Pickleball trends at a glance
| Trend | What the data says | What it means on court |
| Participation | 24.3 million U.S. players in 2025 | The sport is past novelty and into retention. |
| Demographics | 25 to 34 is the largest age cohort | Programming has to fit working-age adults and younger players. |
| Investment | $225 million into Pickleball Inc. | Pro pickleball is being packaged as media, events, retail, and technology. |
| Courts | 25,000 new courts needed | Access is becoming the main local constraint. |
| Health research | 68+ MVPA minutes per session | The sport has a stronger wellness case than it had 5 years ago. |
| Global growth | 60+ countries with active federations | Governance and coaching standards matter more outside North America. |
Trend 1: Participation crossed 24 million, and the growth is maturing
According to SFIA, 24.3 million Americans played pickleball in 2025. That is up from 4.2 million in 2020 and puts pickleball among the country’s most-played sports.
The bigger number is the 3-year curve. SFIA reports 171.8% participation growth from 2022 to 2025. In 2025 alone, the sport added roughly 4.5 million players.
The read is simple: the wild early spike is settling into a more mature phase. That is normal. Sports cannot keep doubling forever. Once a sport reaches tens of millions of players, the real question becomes whether clubs, leagues, coaches, and courts can keep people playing after the first few sessions.
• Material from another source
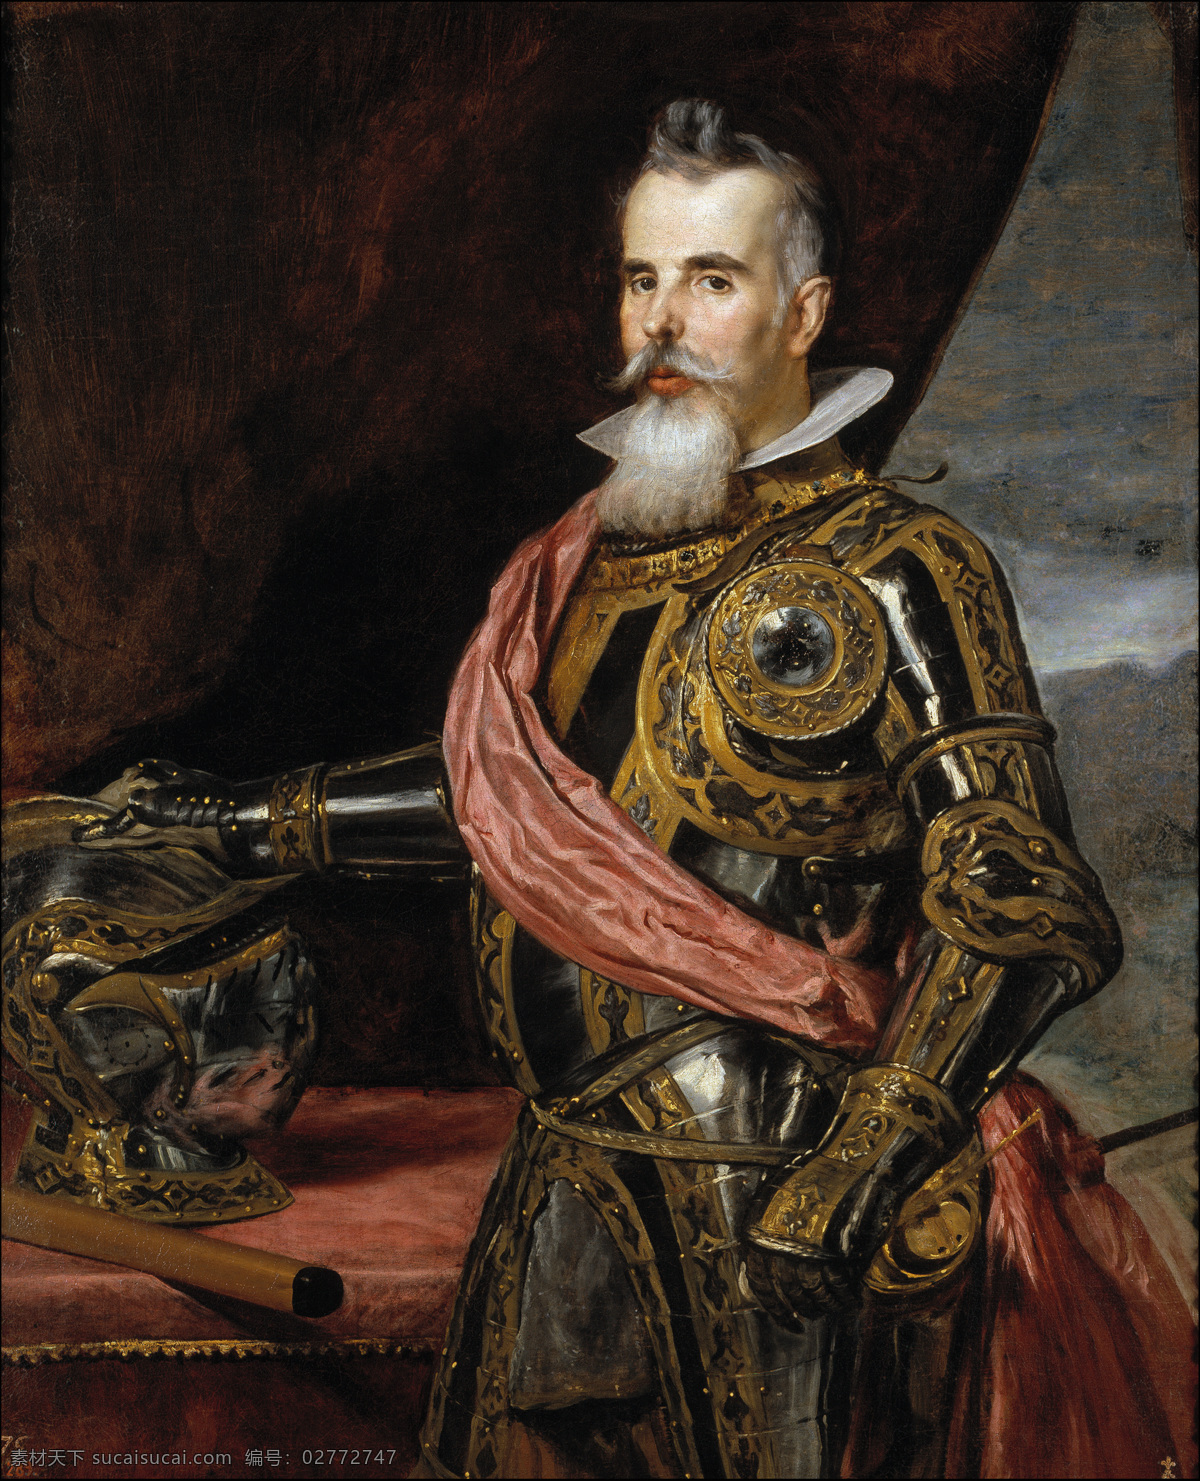 绘画书法 文化艺术 油画 西班牙公爵 巴洛克 时代 骑士装扮 迭戈 委 拉 斯凯 兹 作品 西班牙画家 菲利普 四世 统治 时期 装饰素材

For operators and coaches, that means beginner demand is still real, but the next layer matters more: skill groups, recurring ladders, cleaner lesson paths, and formats that give newer players a clear place to fit.

Trend 2: The average player is younger than the old reputation
Pickleball’s retirement-community label is running behind the actual player base. SFIA’s state-of-the-sport data found that the 25 to 34 age group had the most participants, at 2.3 million players. The sport also added more than 1 million children under 18 from 2022 to 2023.
That changes the product. A 28-year-old entering a Tuesday night league is usually looking for different pacing, communication, and social context than a 62-year-old joining morning open play. Both matter. Treating them like the same customer is how programs get bland.
The shift also explains why indoor social venues are getting more attention. Younger adult players want consistent start times, cleaner matchmaking, food and drink nearby, and enough structure that the night feels worth booking.
For players comparing pickleball to tennis, the smaller court and faster learning curve help explain why it spreads quickly. The court-size differences are easier to see when you compare a pickleball court next to a tennis court.
Trend 3: Institutional money is moving into the full ecosystem
The biggest signal came from Apollo Sports Capital. Its $225 million structured investment created Pickleball Inc. as the parent company of the PPA Tour and Major League Pickleball. The announcement tied the deal to leagues, media, technology, events, and consumer products.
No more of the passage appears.